We restricted our analysis to patients enrolled in TRICARE Prime and TRICARE Plus, who are each assigned a primary care manager who oversees the patient’s care. Although TRICARE Prime enrollees could possibly receive care that is not performed within or reimbursed by the Military Health System, similar to health maintenance organizations, it seems more likely that the patient care will be consolidated within TRICARE since each enrollee has a primary care manager and, as such, their care is more completely documented. The same reasoning holds for TRICARE Plus enrollees, who are older than 65 years but subject to similar business processes (ie, are assigned a primary care manager). Second, patients in TRICARE Prime or Plus have low or no enrollment fees and copayments and no deductibles, which essentially eliminates the possibility that patient out-of-pocket costs might be a potential factor in treatment decisions. Medicare eligibility by age or disability is also tracked in the Military Health System Data Repository and was included as a covariate to account for dual enrollment.
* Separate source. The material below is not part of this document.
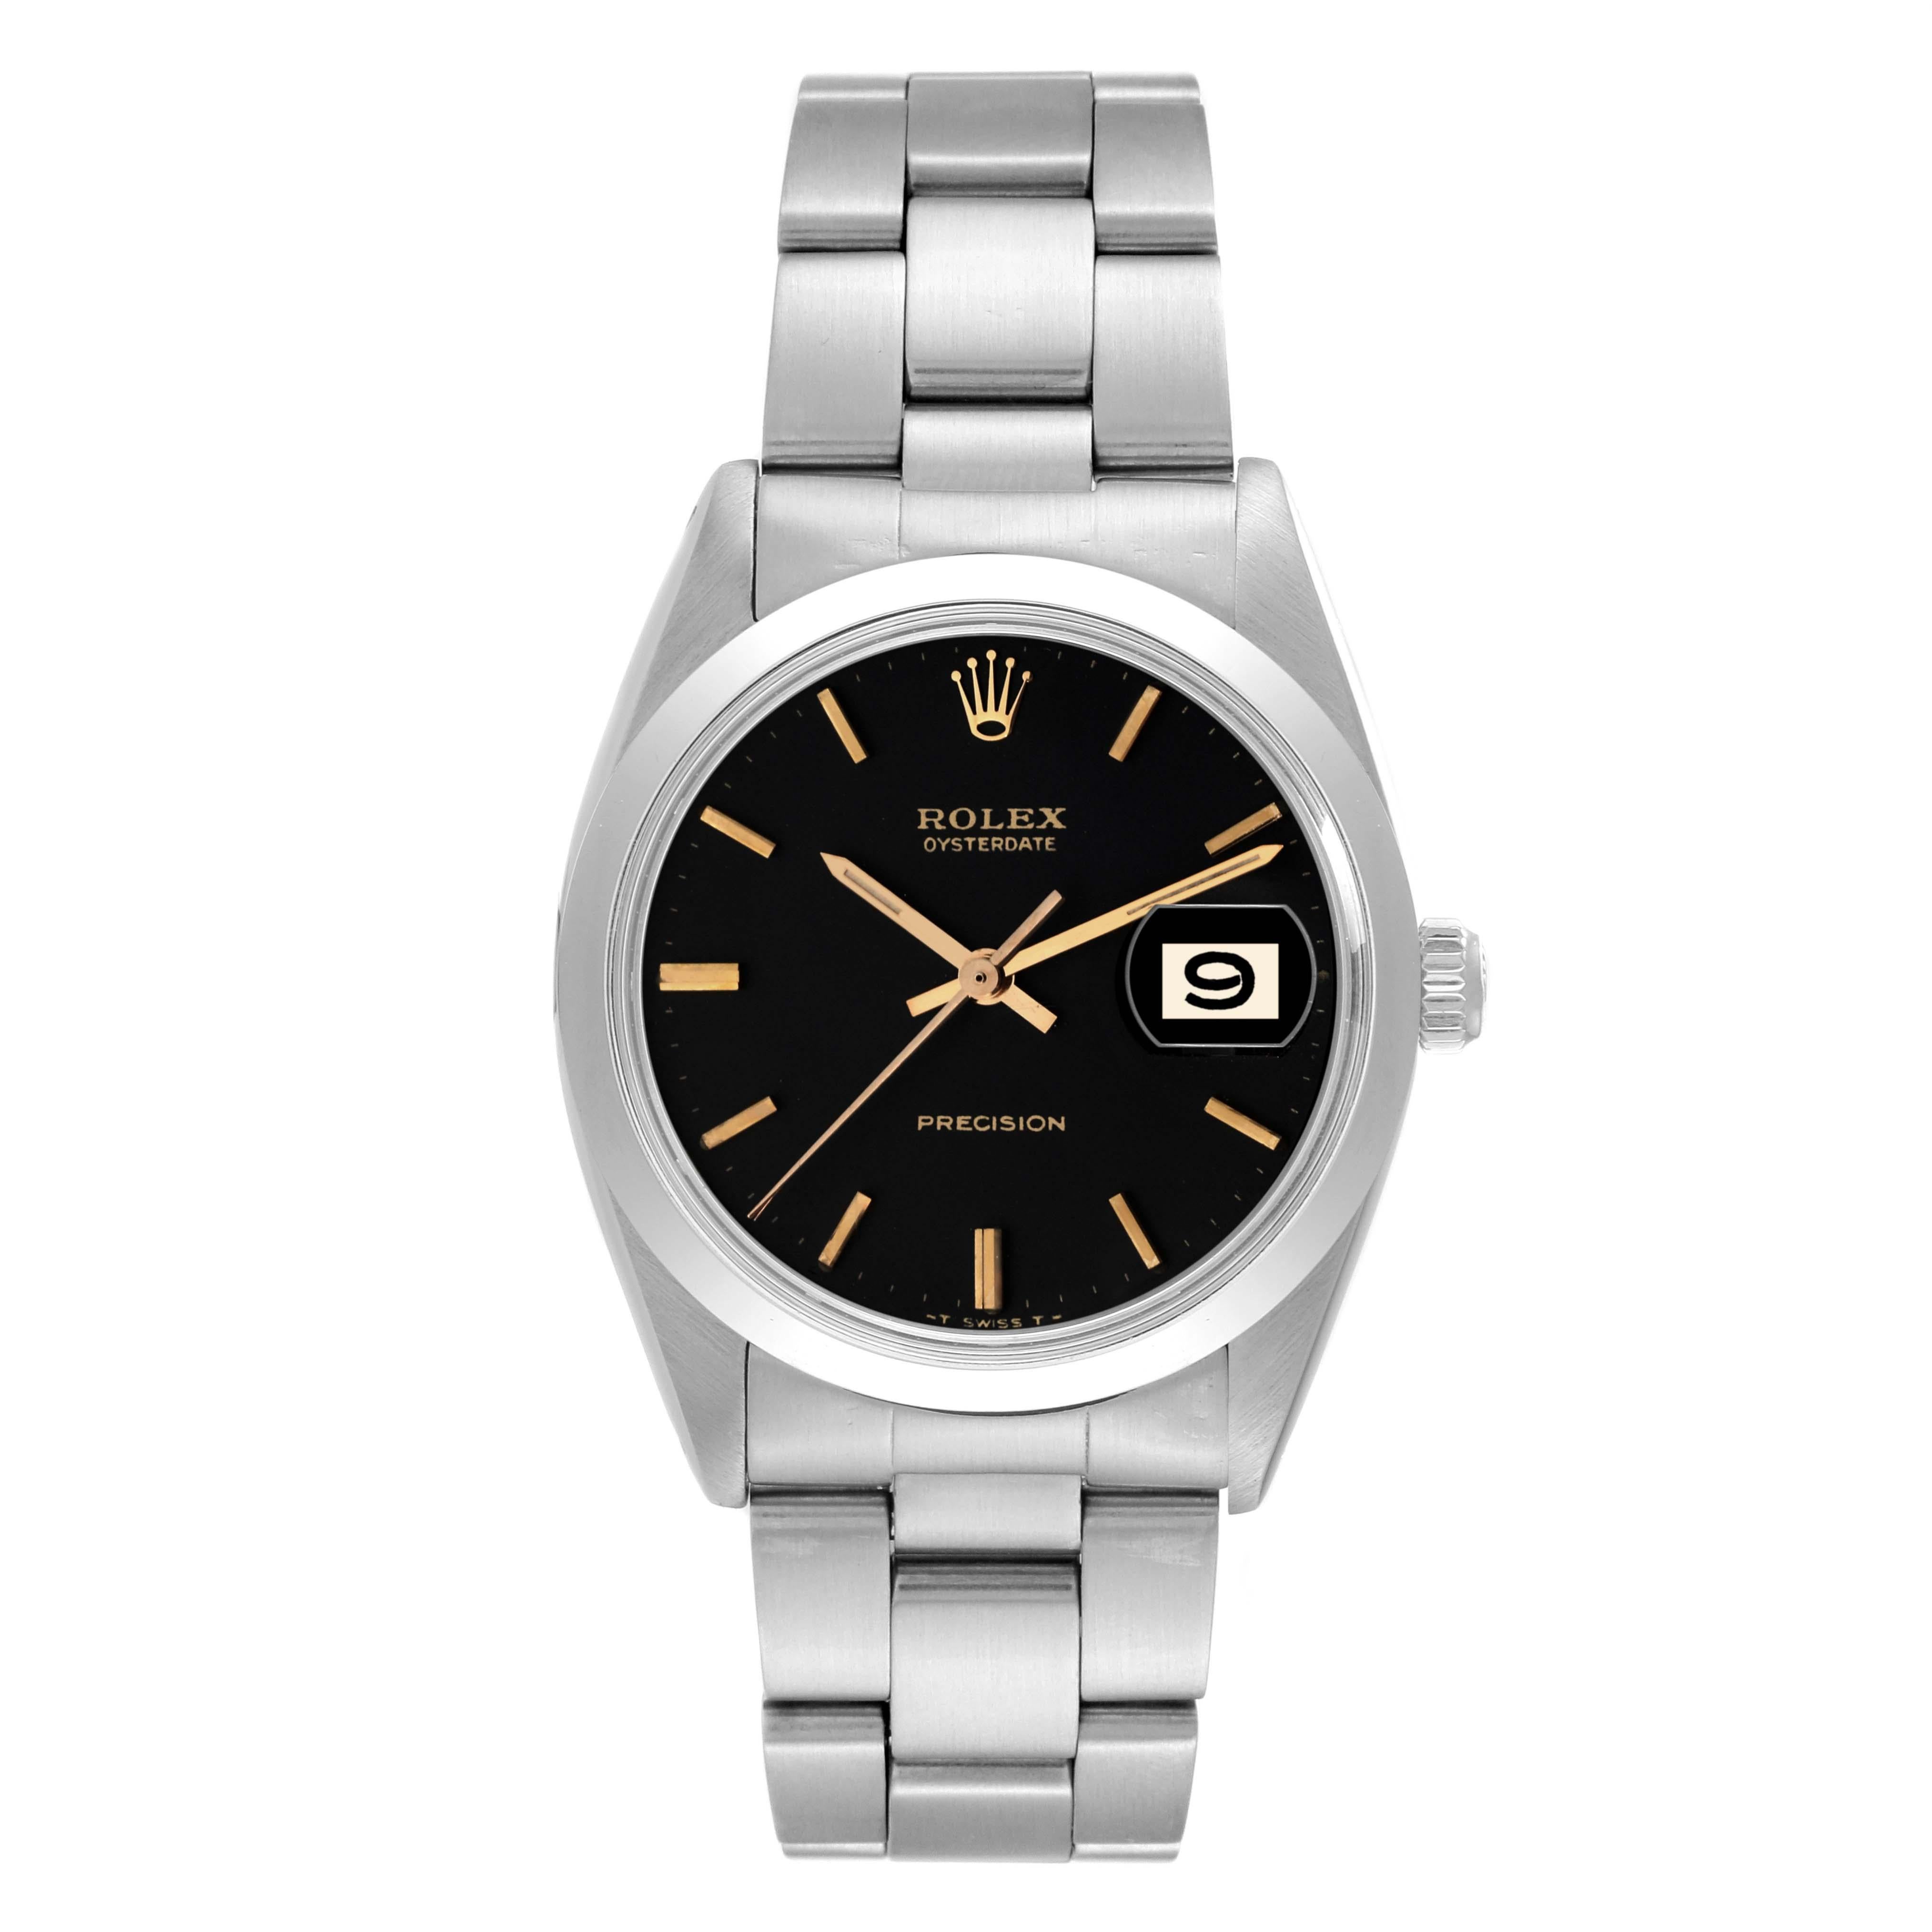 Rolex OysterDate Precision Black Dial Steel Vintage Mens Watch 6694. Manual-winding movement. Stainless steel oyster case 35.0 mm in diameter. Rolex logo on a crown. Stainless steel smooth domed bezel. Acrylic crystal with cyclops magnifier. Black

The Military Health System is distinct in both structure and mandate from the US Department of Veterans Affairs.
Statistical Analysis
Data analysis was conducted from August 15, 2015, to August 2, 2016. The longitudinal medical record of each patient was divided into encounters consisting of a CS diagnosis, a query for carotid intervention vs medical management only, and clinical end points of stroke, transient ischemic attack, acute myocardial infarction, and mortality. To minimize diagnostic variability, only individuals who received a diagnosis of CS by a cardiologist or vascular surgeon were included in the analysis. Clinical outcomes were then referenced to time periods of 30 days, 1 year, and 2 years after carotid intervention or diagnosis of CS. Patients were assigned to the DC or PC designation based the system in which they received their diagnosis.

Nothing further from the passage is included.